I got pinged by @swamidass in the other thread, so I thought I will provide the standard Catholic teaching on divine action (note: while standard, this is not de fide, i.e. one can refuse it and still be considered Catholic). This teaching came from at least Thomas Aquinas, but might be older.
God upholds and sustains all of creation (Catechism of the Catholic Church: 301): This means that in addition to creating the universe, God also keeps it going. Indeed, God sustains the laws of physics, and thus objects simply following the laws of physics are considered examples of divine action.
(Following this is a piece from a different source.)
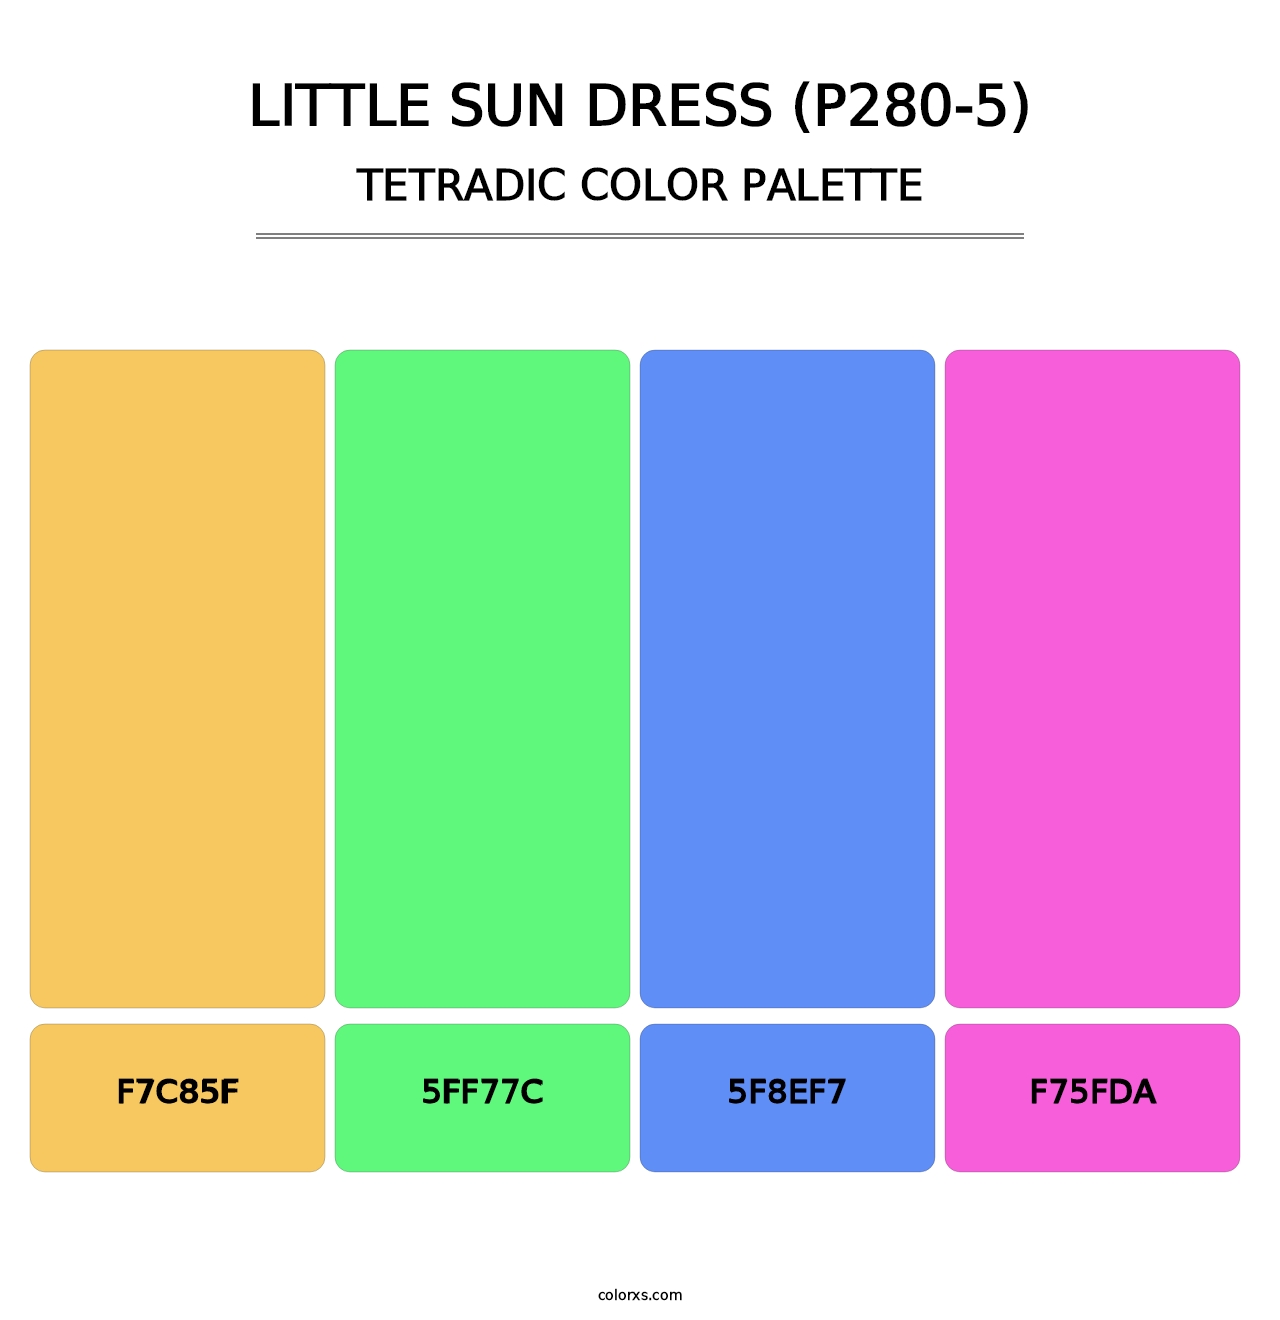 Little Sun Dress (P280-5) - Tetradic Color Palette

Importantly, God is not a domino toppler who built a universe with its laws, started it and left it going independently of him. God is also not an author who wrote in a book every single events, as then God can go to sleep and the story sustains itself - existing without the need of God. The closest analogy I can find is a game master in Dungeons & Dragons: the movement of the Universe is contingent on God playing, and when God stops playing, the Universe ceases to be.
I hope this also explains why typically Catholics disagree with Methodological Naturalism (at least the ones that do not hold that MN is tautological to begin with).
An extension of the classical teaching in the previous paragraph is the additional demand that God created the natural world to be complete (Genesis 1:31 - And God saw all the things that he had made, and they were very good), and changing it is against his nature (Divine Immutability, from e.g. Lateran Council IV: DS 800). He does not change the laws of physics to perform miracles. All miracles have natural explanations.